Each physician prospectively recruited four consecutive consulting SAR patients over the age of 12 who were receiving, and had received at least one full prescription of, specified INS therapy and who agreed to participate in the research. Patients with a co-diagnosis of asthma or Chronic Obstructive Pulmonary Disease (COPD) were excluded. Two patients receiving FF [Avamys™], one patient receiving mometasone furoate (MF) [Nasonex™] and one patient receiving fluticasone propionate (FP) [Flixotide™] were recruited (in any order) by each physician. The survey was conducted as research in accordance with and defined by the European Pharmaceutical Market Research Association (EphMRA) code of conduct for international healthcare market research, so ethical approvals were not required. In line with EphMRA requirements, all participating patients provided informed consent. No tests or investigations were performed as part of this research, and to ensure compliance with data protection laws, all data were de-identified and aggregated prior to receipt by Adelphi Real World.

Physicians recorded data relating to patient characteristics including demographics, disease classification as defined by the ARIA (Allergic Rhinitis and its Impact on Asthma) guidelines [22], symptoms, patient visits, INS treatment (including whether for ocular and/or nasal symptoms) and co-prescription. Physicians were asked to capture this information by ticking a pre-coded list. The provided information was based on the assessment by the physician whether this be from the most recent consultation or with recourse to patient notes.

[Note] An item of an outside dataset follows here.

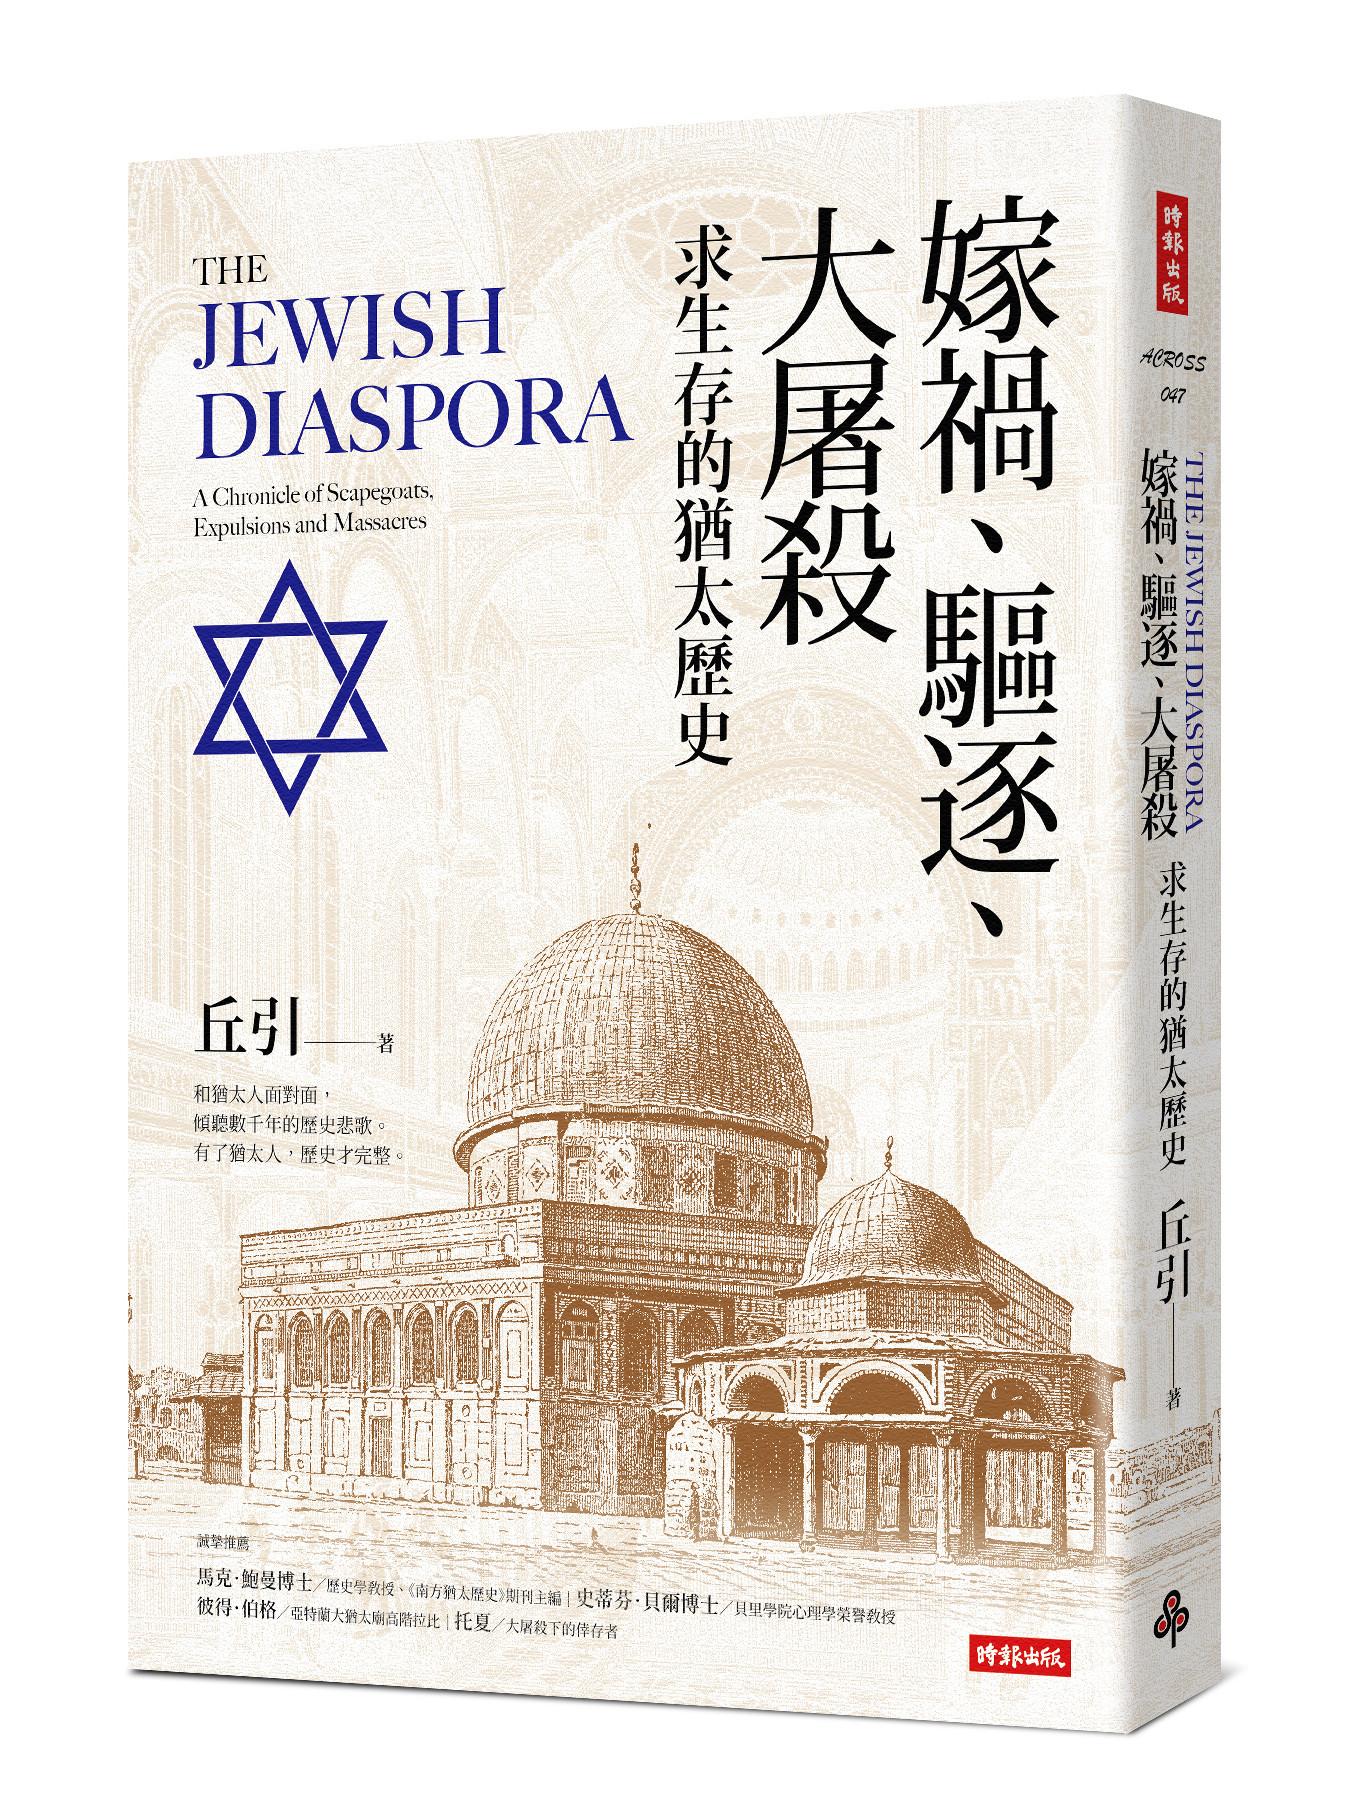 ▲▼書籍《嫁禍、驅逐、大屠殺-求生存的猶太歷史》。(圖/時報出版提供,請勿隨意翻拍,以免侵權。)

Each patient was asked to complete a matched patient-completion forms independent from the physician on symptoms over the previous 4 weeks, and QoL and burden of illness questionnaires: mini-rhinoconjunctivitis Quality of Life Questionnaire (RQLQ), Pittsburgh Sleep Quality Index (PSQI), Work Productivity and Activity Impairment: Allergy Specific questionnaire plus Classroom Impairment Questions: Allergy Specific (WPAI+CIQ:AS). The number of work days lost, PCP or specialist visits due to AR, and over-the-counter (OTC) medicines used over the previous 4 weeks were also recorded.

The mini-RQLQ [23] assesses QoL over the previous week. It is comprised of 14 items, in five domains (Activity Limitations, Practical Problems, Nose Symptoms, Eye Symptoms and Other Symptoms), each evaluated on a seven point scale (0 = “Not troubled”, 6 =“Extremely troubled”). The overall QoL score is the mean score across all 14 items and the Minimal Important Difference is 0.7.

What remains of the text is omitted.